** Task item **
Emit a verbatim copy of the lines below from the line with "Dossiers du Personnel" through the line with "Cobertura de Chocolate", excluding pictures and everything outside that range.

** Dataset **
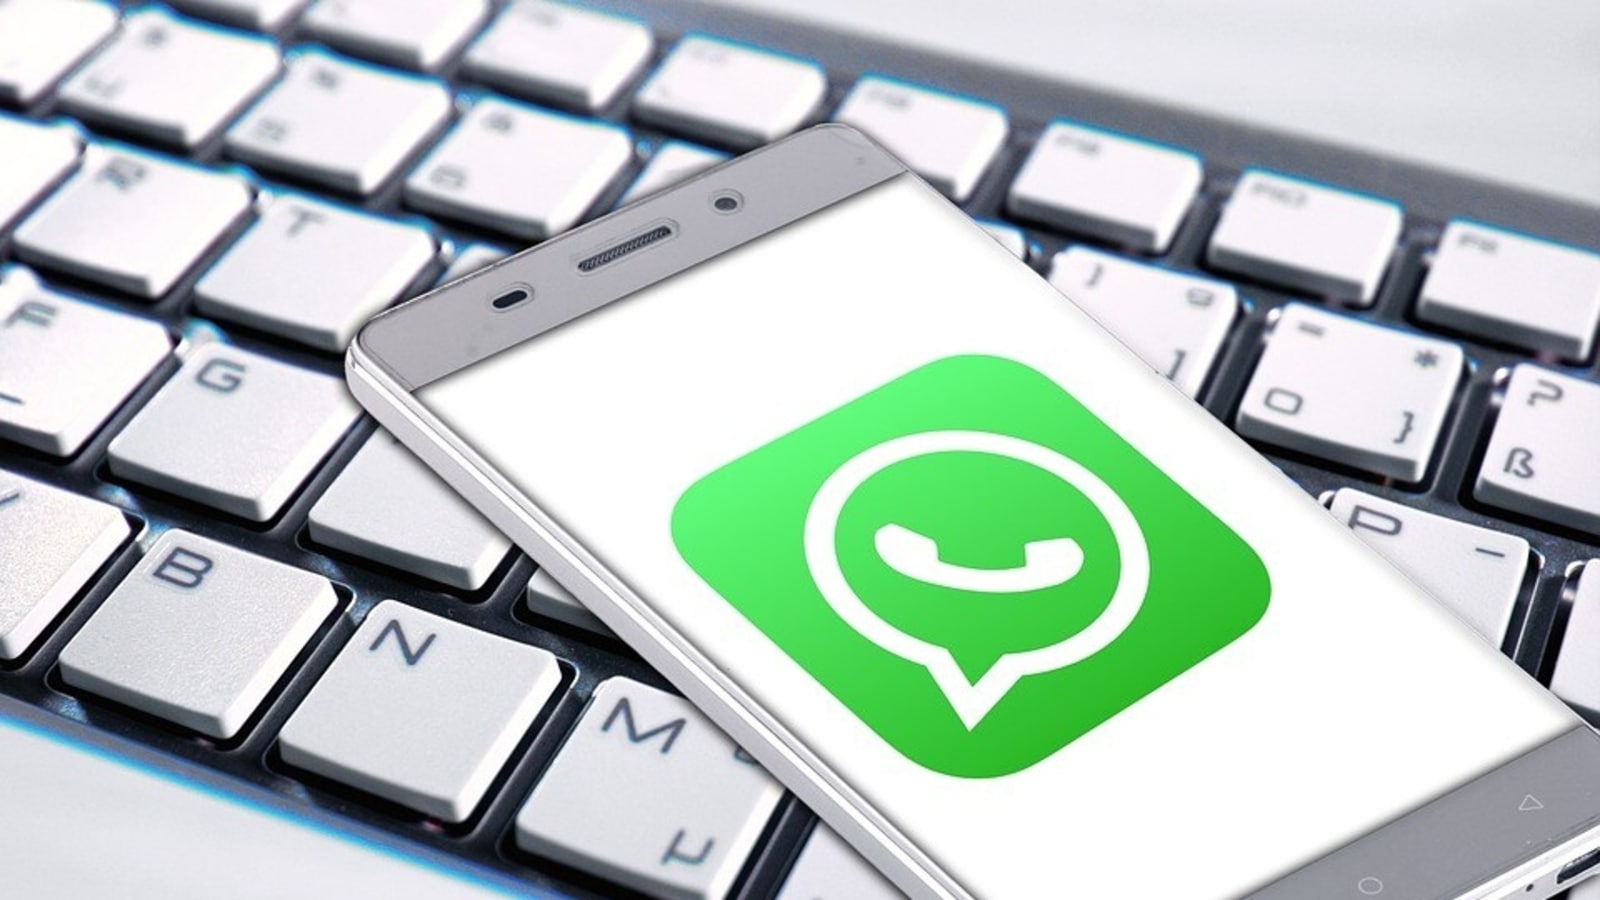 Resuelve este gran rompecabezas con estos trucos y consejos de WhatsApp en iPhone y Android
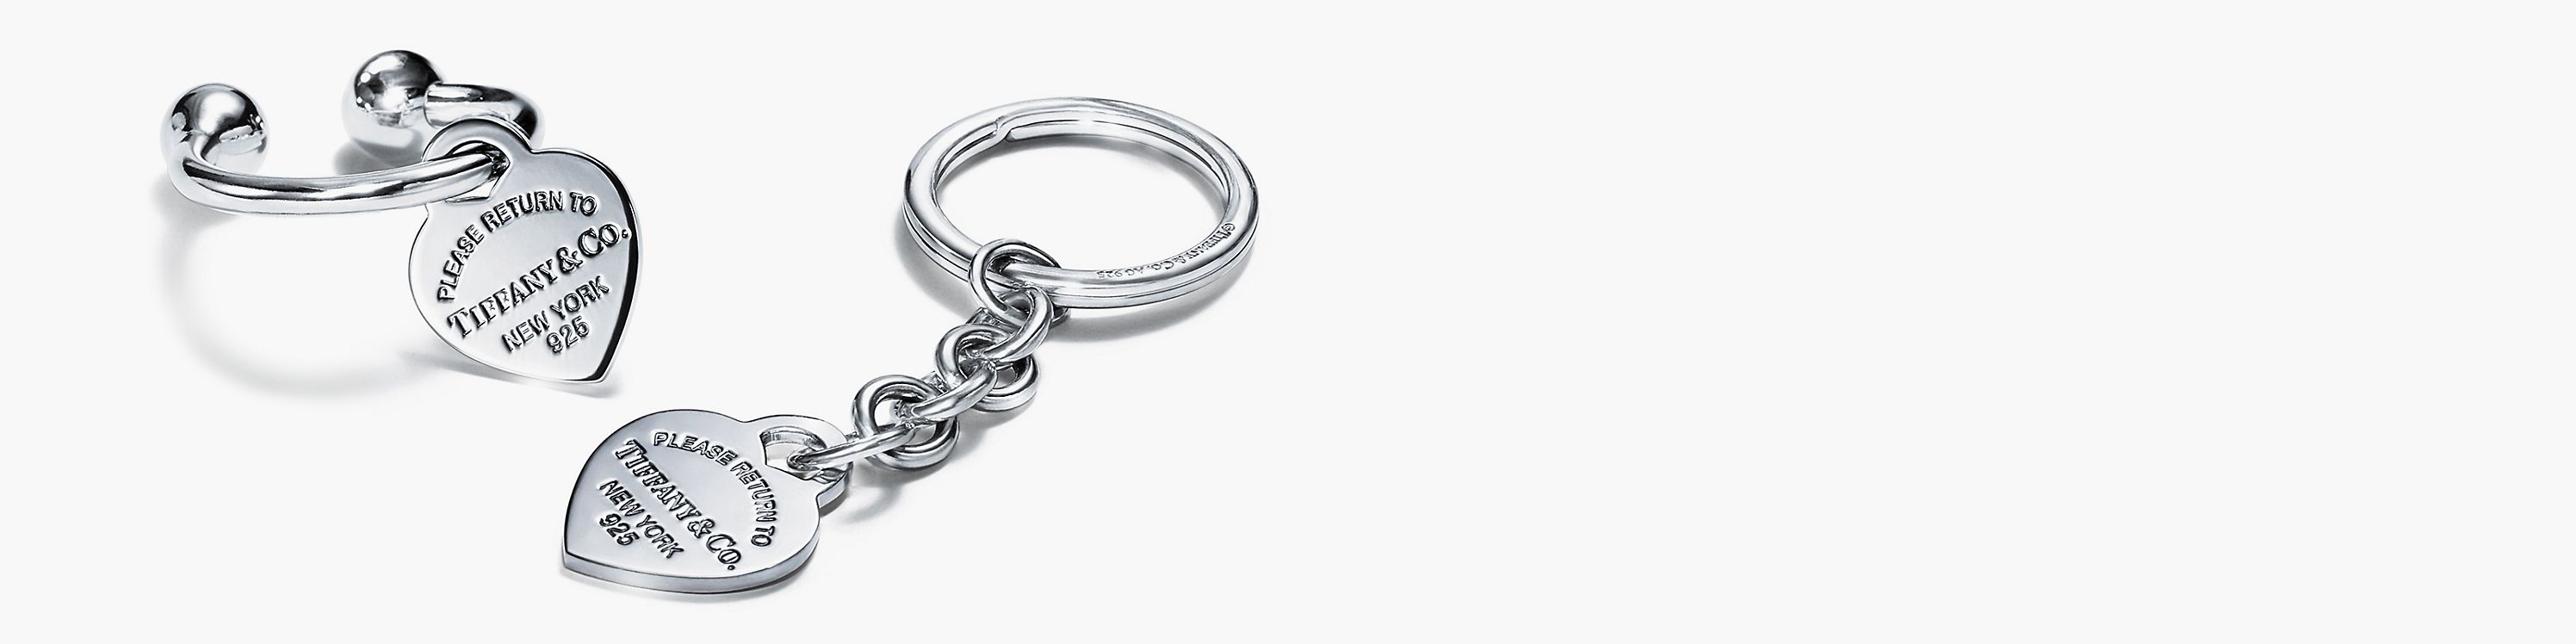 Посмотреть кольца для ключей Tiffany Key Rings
==
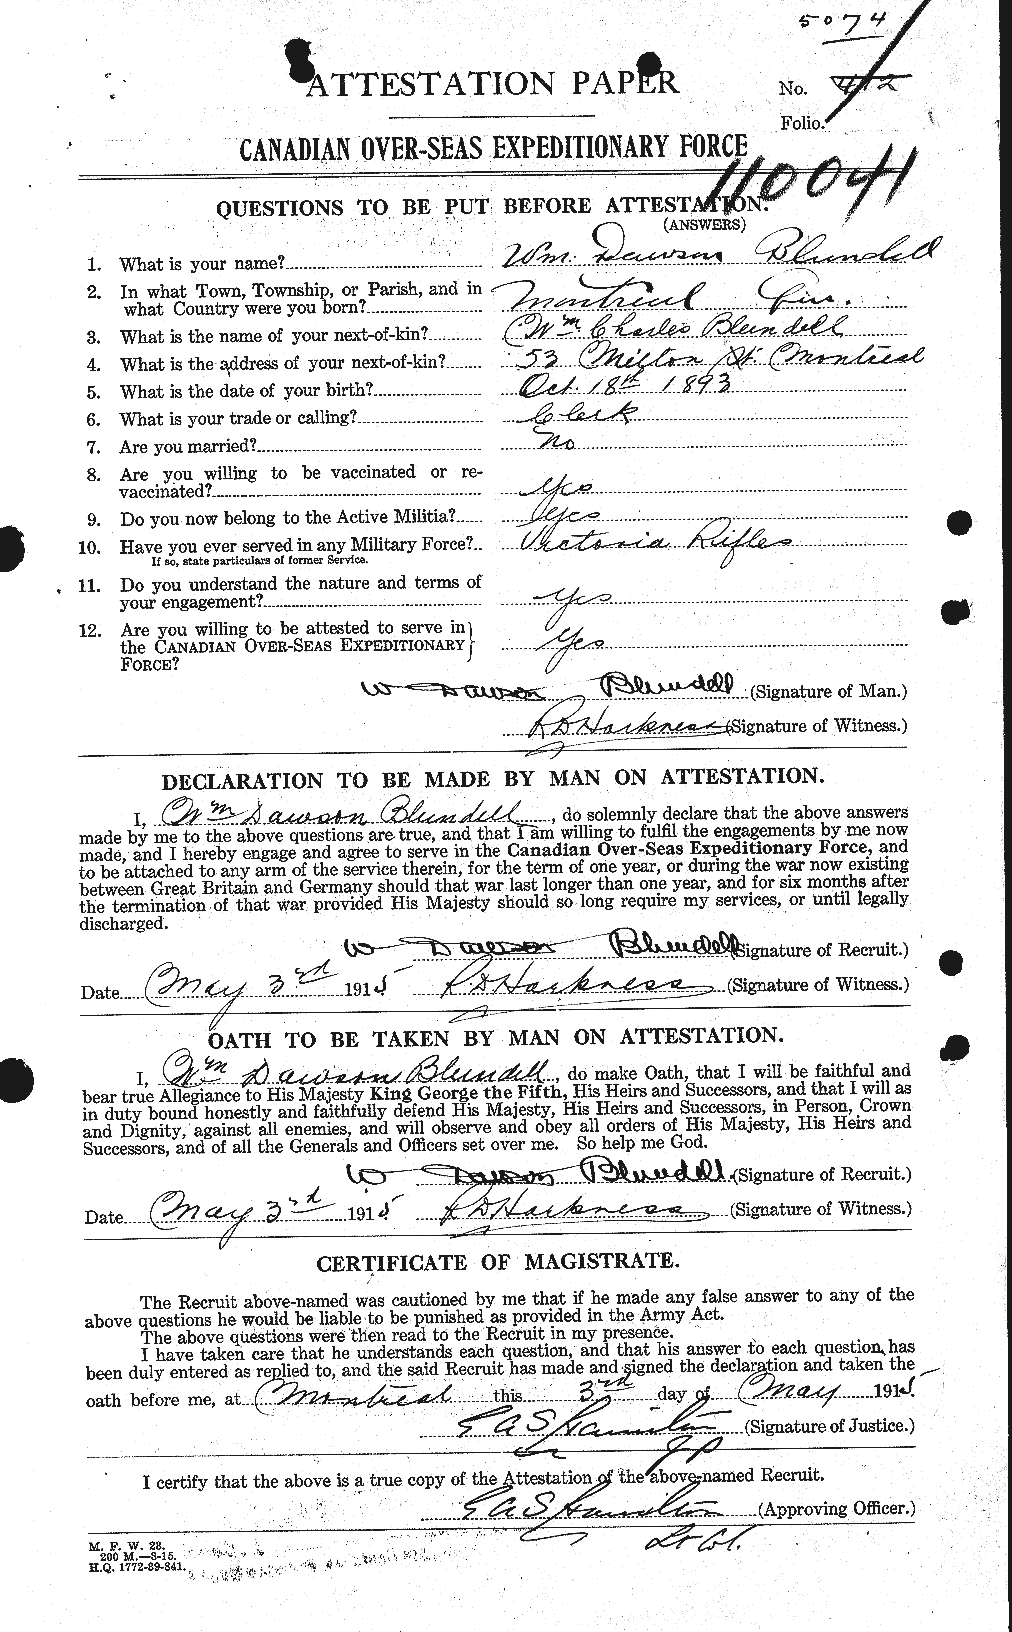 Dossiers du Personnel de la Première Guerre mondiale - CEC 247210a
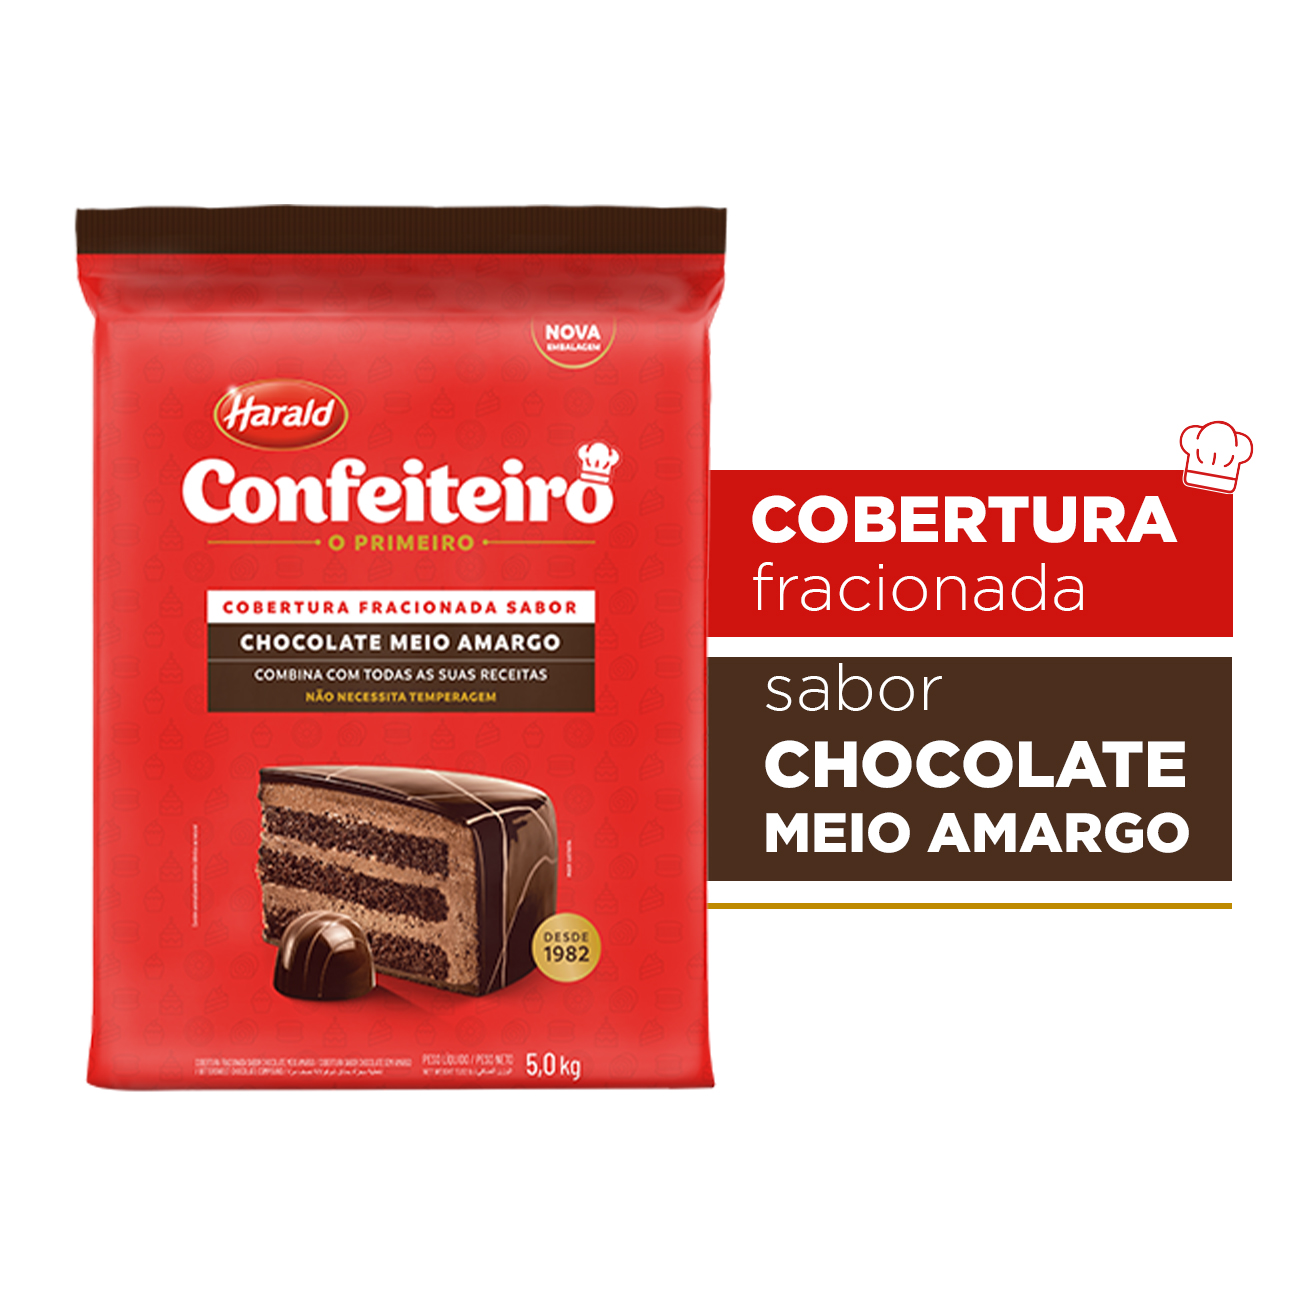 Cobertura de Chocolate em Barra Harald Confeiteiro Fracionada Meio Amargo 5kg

** Exercise result **
 Dossiers du Personnel de la Première Guerre mondiale - CEC 247210a
 Cobertura de Chocolate em Barra Harald Confeiteiro Fracionada Meio Amargo 5kg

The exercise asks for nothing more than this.